Experimental Example 1: Examination of the Effect of Compound of
the Present Invention Against Fibrosis
1-1: Experiment on Effect Using Mesenchymal Stem Cells
[0173] In order to examine the effect of a compound of the present
invention against fibrosis, ONGHEPA1 cells (KCTC13086BP), which are
mesenchymal stem cells (MSCs) derived from rat hepatic stellate
cells (HSCs) and capable of proliferating indefinitely, were first
used. Fibrosis of the ONGHEPA1 cells can be induced by a simple
method of treating the cells with TGF-.beta. (transforming growth
factor beta) or PDGF (platelet-derived growth factor).
[0174] The ONGHEPA1 cells were seeded into medium, cultured for 24
hours, and then treated with TGF-.beta. (5 ng/ml) to induce cell
fibrosis. Alternatively, the cells were co-treated with TGF-.beta.
and the compound of the present invention (50 .mu.M in DMSO) and
cultured for 24 hours. Next, the degree of fibrosis of the cells,
that is, the degree of differentiation into myofibroblasts, was
examined with a phase contrast microscope (200.times.).
[0175] In this regard, the detailed experimental method followed
the paper of Kim et al. (Han-Soo Kim, Jun-Hwan Kim, Ji Yong Lee,
Young-Min Yoon, Ik-Hwan Kim, Ho-Sup Yoon, Byung-Soo Youn. Small
molecule-mediated reprogramming of epithelial-mesenchymal
transition thereby blocking fibrosis. bioRxiv preprint first posted
online Feb. 16, 2017; doi: http://dx.doi.org/10.1101/106591).

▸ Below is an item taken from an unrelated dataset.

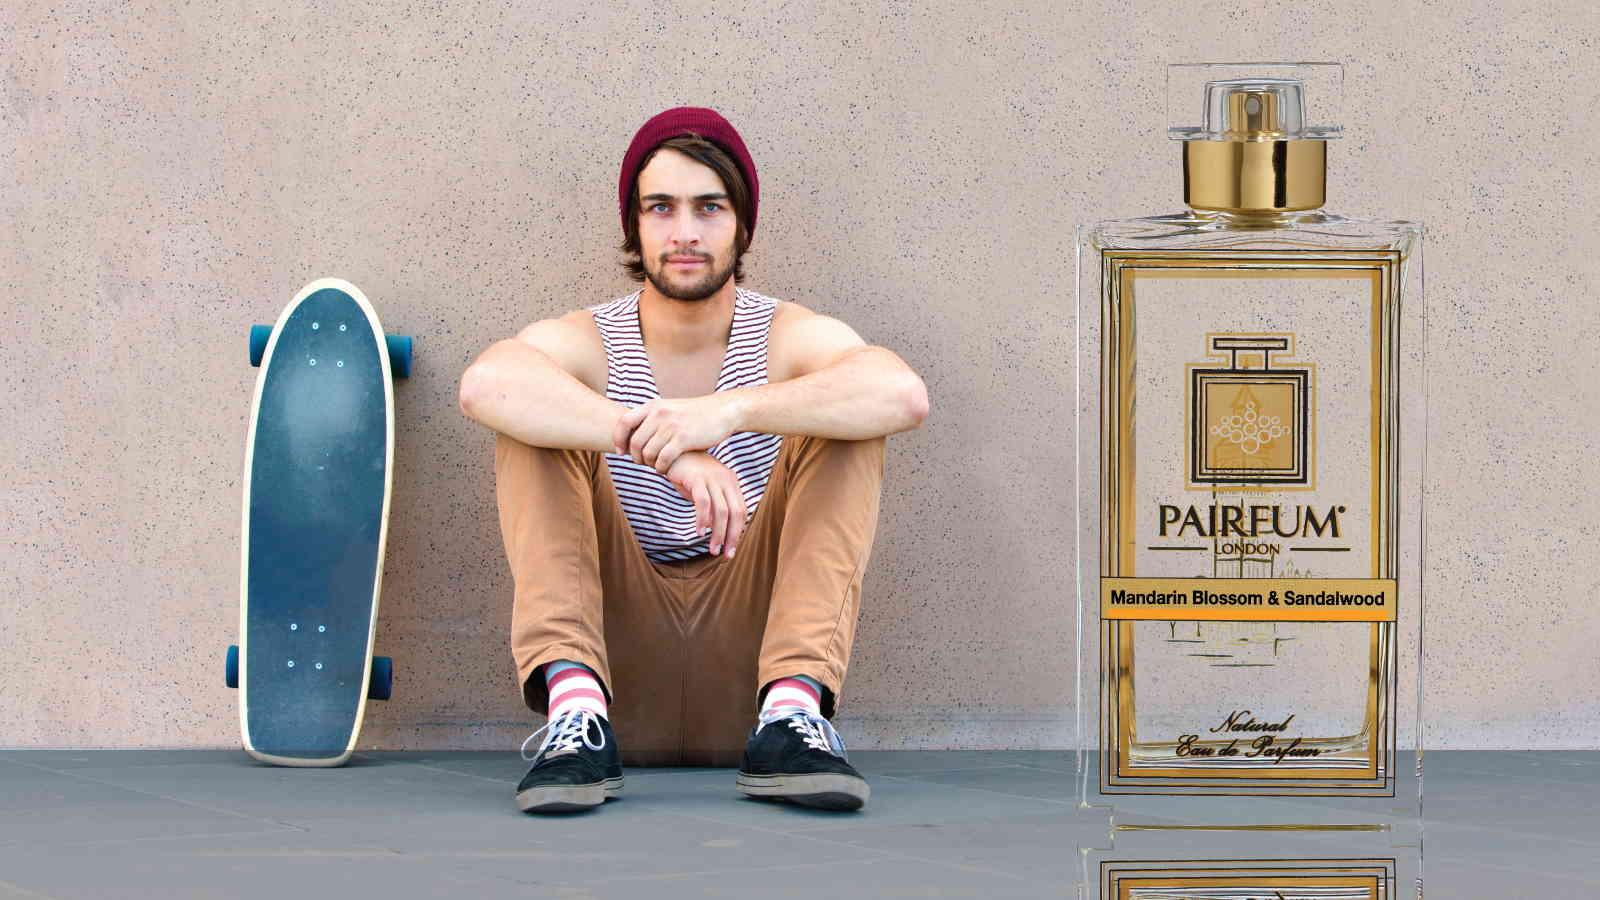 Eau De Parfum Person Reflection Mandarin Blossom Sandalwood Scateboard 16 9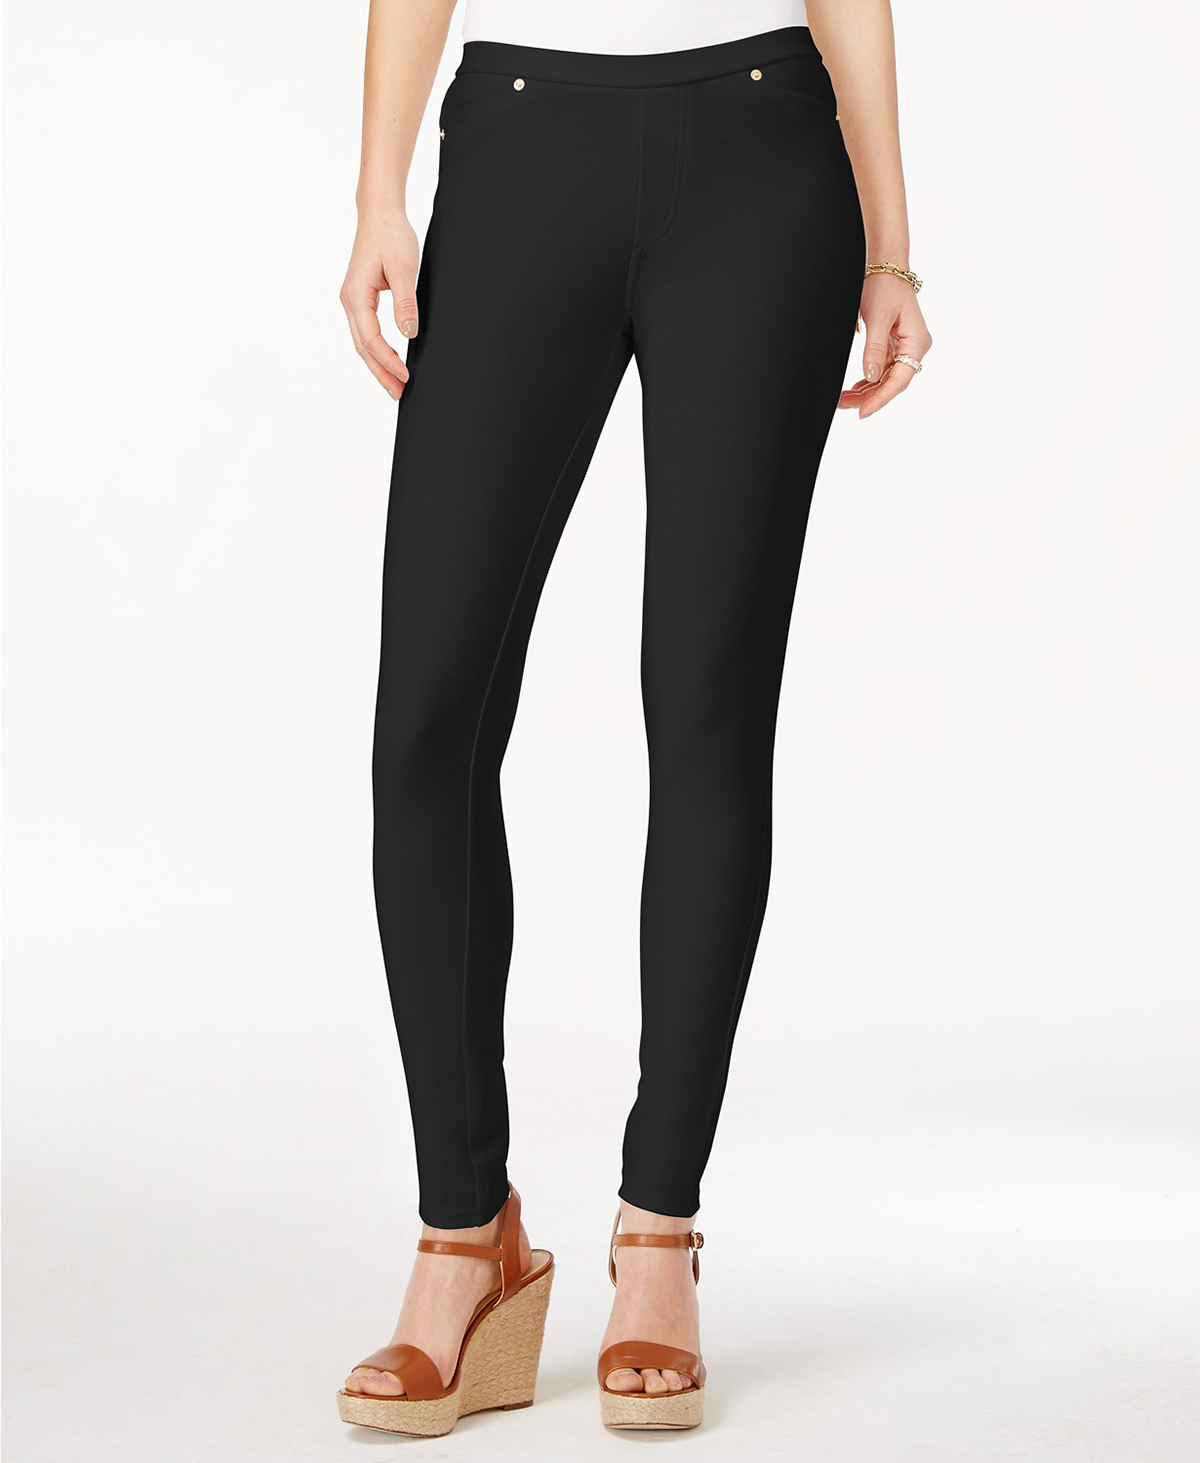 Michael Kors Black leggings

[0176] As a result, as shown in FIG. 15, the control group treated
with TGF-.beta. differentiated into elongated myofibroblasts, and
thus showed a typical fibrosis symptom, whereas the test group
treated with TGF-.beta. plus the compound of the present invention
showed no fibrosis symptom such that it did not differ from the
normal control group.
[0177] In addition, in order to examine whether the above-described
effect would be attributable to the effect against
epithelial-mesenchymal transition (EMT) (hereinafter referred to as
"EMT"), the expression of .alpha.-SMA (alpha-smooth muscle actin),
which is a representative marker of EMT, in the cells of each test
group, was examined by immunofluorescent staining and nuclear
staining (DAPI staining).
[0178] As a result, as shown in FIG. 16, the expression of
.alpha.-SMA in the control group treated with TGF-.beta. was
significantly high, whereas the expression of .alpha.-SMA in the
test group treated with TGF-.beta. plus the compound of the present
invention was inhibited such that it did not differ from that in
the normal control group.
[0179] These results support that the compound of the present
invention strongly inhibits the differentiation of cells into
myofibroblasts by affecting the EMT of the cells, and thus can
effectively prevent or treat fibrosis, particularly fibrosis or
non-alcoholic steatohepatitis (NASH) which occurs in the liver.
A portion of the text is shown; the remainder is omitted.